Koştuğumuz sırada içimi tuhaf bir his kapladı. Yüksek bir binanın tepesinden düşüyormuşum gibi… Tuhaf his aniden büyüdü ve birden ortalık bembeyaz oldu.
Gözlerimi açtığımda bir odada yerde yatıyordum. Beyaz duvarlı, az mobilyalı, sade ve küçük bir odaydı. Dışardan tatlı bir güneş ışığı, bir küple de kuş cıvıltısı sızıyordu. O an anladım ki odada yalnız değildim. Başımı sağa doğru çevirdim. Saito kısık gözleriyle bana bakıyordu. Paniğe kapıldım. Yattığım yerden hızla doğrularak bağırdım:
“N’oluyo lan?!” Tamam, kabul ediyorum ilk tepkim biraz kabaydı. Ama elimde değildi, şoktaydım.
“Kesinlikle!” diye cevap verdi diğer yanımda ayakta duran sarışın, mavi gözlü adam.
“Ne kesinlikle?”
“No(luyo)lan!” diyerek gülümsedi. Anlamamıştım. Ama gülümsemesi çok tanıdıktı. Onu daha önceden tanıyor gibiydim. Belki bir gemi yolculuğundan…
“Ben Cobb. Aslında… Bana Dom da diyebilirsin.”.
“Dom mu? O nasıl bir isim?”
“Karısının adını duyana kadar bekle…” diyerek bir başkası yürüdü küçük odanın içine doğru: “Selam. Ben Arthur.”.
“Memnun oldum da… Neden buradayım? Hatta, neredeyim? Ve siz kimsiniz?”
“Merak etme,” dedi Dom Cobb, “Bizimle güvendesin. Yalnız, bir süre burada beklemek durumundayız. Yapacak bir şey yok. Yukarıda işlerin yolunda gitmesini umalım…”.
Bilmediğim bir yerde, bilmediğim bir evin küçük bir odasında, kuş cıvıltıları eşliğinde, tanımadığım üç adamla birlikte yerde oturuyordum.
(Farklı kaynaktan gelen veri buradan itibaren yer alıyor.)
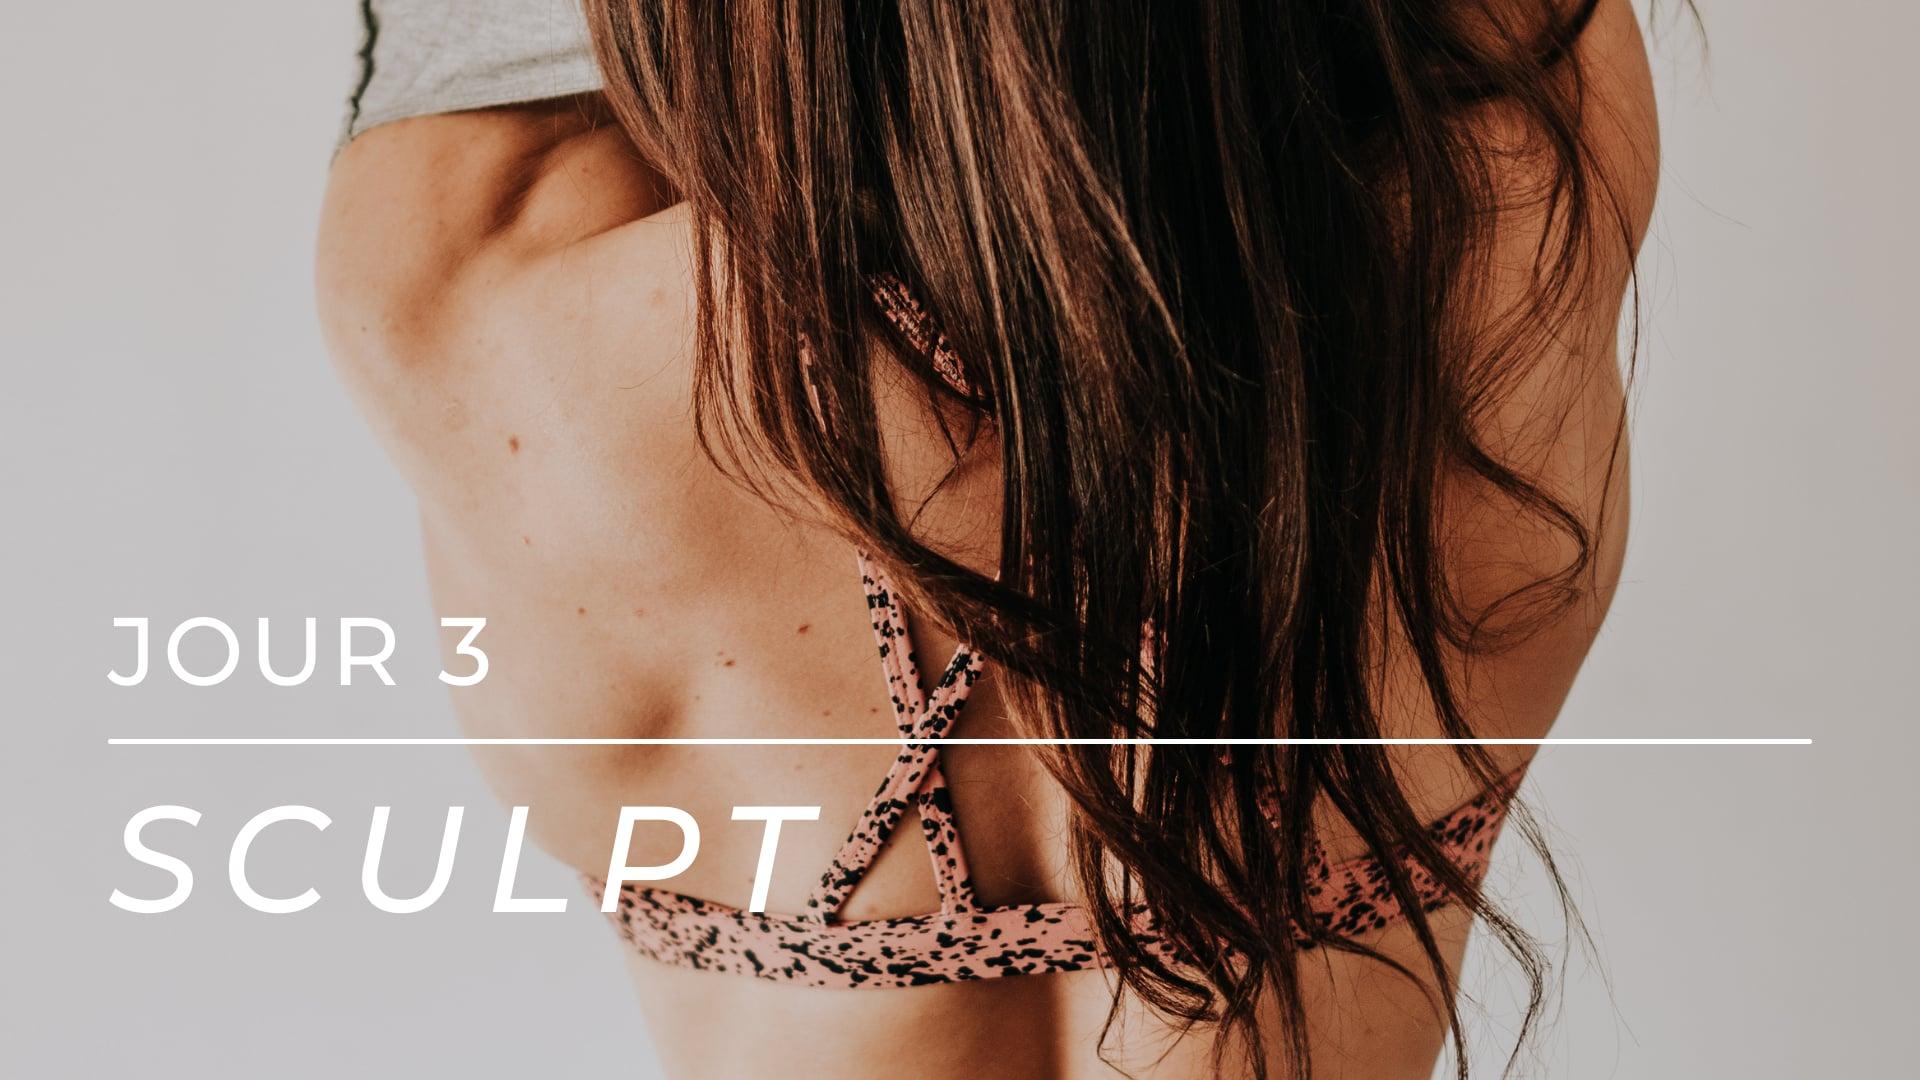 SCULPT - Jour 3

Bu işte çok ters bir şeyler vardı. Ama şu anda sorun çıkarmanın alemi yoktu. Oldukça sempatik görünmeye çalışarak, aklıma gelen ilk öneriyi sundum:
“Madem yapacak bir şey yok, bari sinemaya falan gitseydik…”.
Cobb ve Saito birbirlerine bakarak, ortak bir zaferi paylaşıyorlarmış gibi gülümsediler. Kesin bir şeyler dönüyordu! Derken yine o yüksekten düşme hissi içimde aniden devleşiverdi…
Gözlerimi açtım. Karanlıktı. Önümde sıralanmış, arkası bana dönük bir sürü kırmızı koltuk vardı. Sinemadaydım! Aman tanrım, sinemada uyuyakalmıştım! Başımın bir omza yaslı olduğunu birkaç saniye sonra fark ettim. Hemen toparlandım. Kafamı kaldırıp omzun sahibine baktım. Gülümsüyordu. Cobb, Saito ya da Arthur ortalıkta olmadığı için memnundum. Ne saçma bir rüyaydı o öyle. Ben de gülümsedim:
“Kusura bakmayın, ben dalmışım…”
“Önemli değil. Fillerin zıplayamadıklarını biliyor muydun?”
“Filler?” Daha alakasız bir konu açabilir miydi acaba?
“Evet filler. Harika hayvanlardır.”
“Evet de, fillerin bu durumla ne alakası var, anlayamadım.”. Gülümsedim. Ama alaycıydım aslında.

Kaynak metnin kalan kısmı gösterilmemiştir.